Wednesday, March 16, 2016

In Times of Need, Women Stand Together As One

“Women are 14 times more likely to die in disaster-ridden areas.”
In times of crisis, from war to natural disasters, women are often neglected in the process of relief. The session titled “Ensuring Gender Equality and Sustainable Livelihood in Post-Disaster Situations” was lead by the Women’s Rehabilitation Center (WOREC) Nepal. WOREC worked extensively in Nepal following the devastating earthquake thag struck the country in April 2015. As infrastructures collapsed to the ground, people lost their homes, businesses, and even loved ones. As people set up shelter alongside the debris, WOREC stepped in to provide help, particularly to the women and children. 

WOREC launched the Sneha Campaign, sneha meaning love and compassion in Nepalese. They recognized that lactating women, pregnant women, and elderly women were most at risk. They also recognized that third-party support can be viewed as a burden by the women in Nepal, a favor that they must soon repay.
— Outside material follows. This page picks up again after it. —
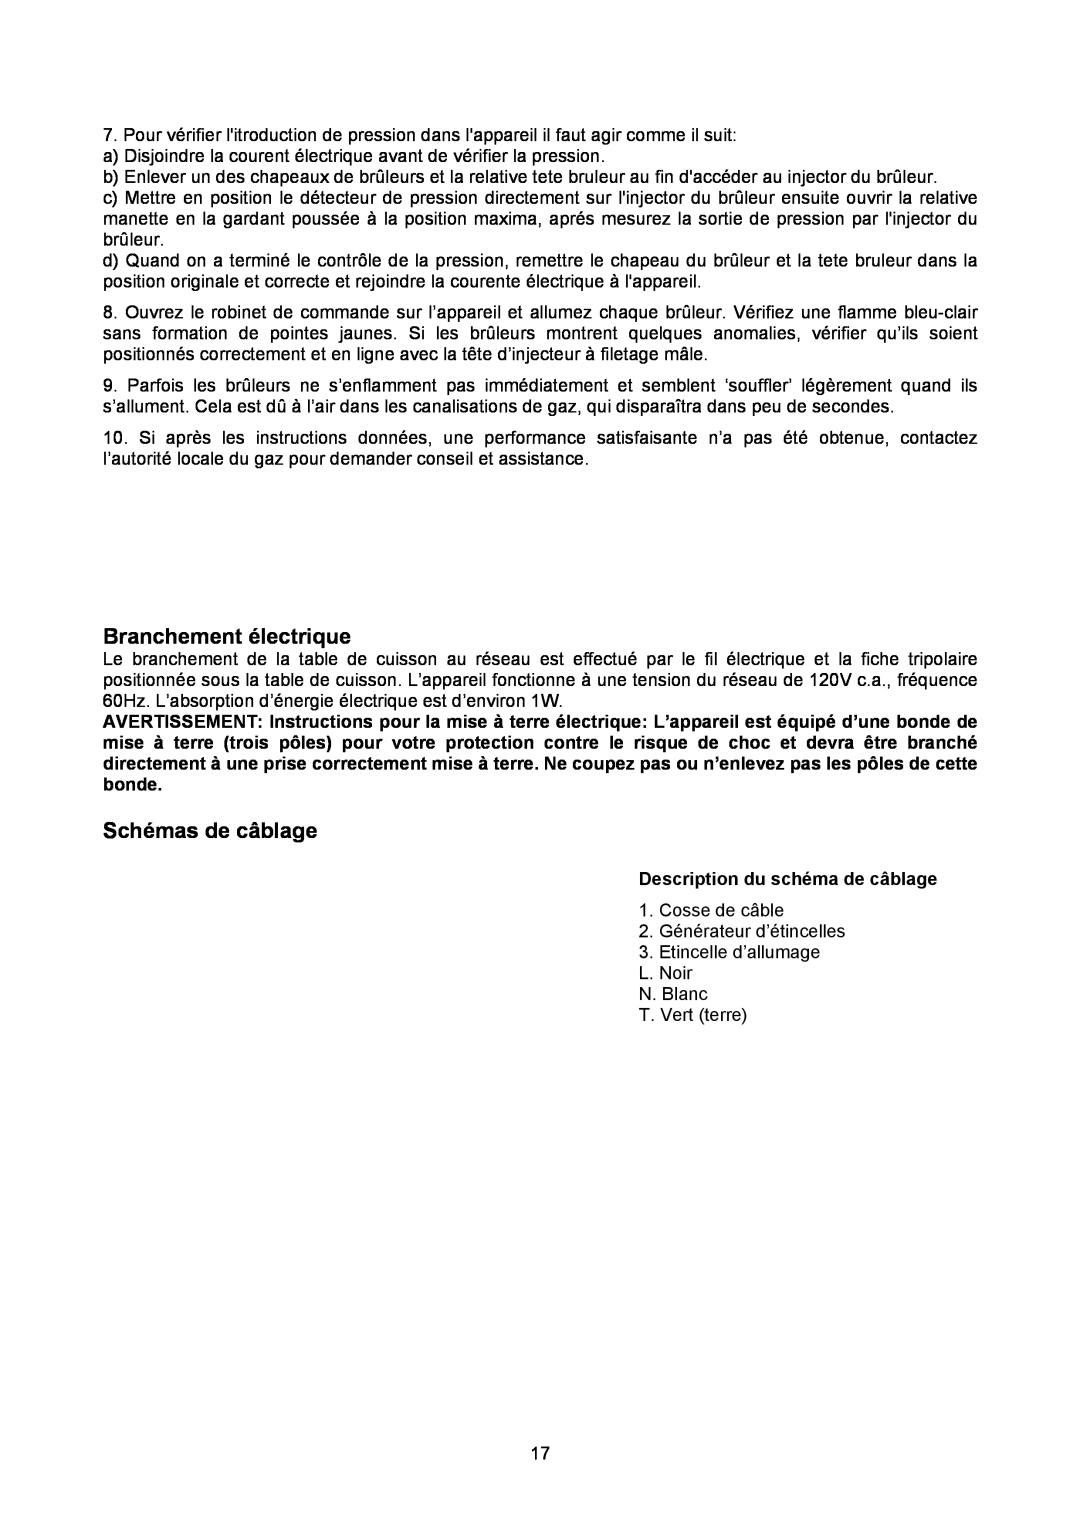 Bertazzoni P24400X manual Branchement électrique, Schémas de câblage, Description du schéma de câblage

Instead of giving food and water, WOREC took a novel approach to provide “dignity kits”. 

What are dignity kits?
When asked what the worse part is about the earthquake, with no hesitation women said not being able to bathe. Those of us who are fortunate to not be living in a disaster area take simple things like bathing, brushing our teeth, and for the women, having access to menstrual products for granted. For the Nepalese women, not being clean was a hit to their dignity. With this knowledge, WOREC made dignity kits full of soaps, sanitary napkins, underwear, bras, etc.

WOREC also works to provide psychosocial counseling for all women. Though it often goes unnoticed, data suggests that sexual violence and exploitation increases during disasters. To combat this reality, WOREC set up “female friendly spaces” where the women can go to receive one-stop help.

It is normal in most governments that women groups are least funded. During times of crisis, the numbers don't seem to change despite the increased need for help. People must realize that even in crisis, women are still menstruating, still pregnant, still nursing. In crisis, the most affected and disadvantaged are women. More needs to be done to reflect this reality.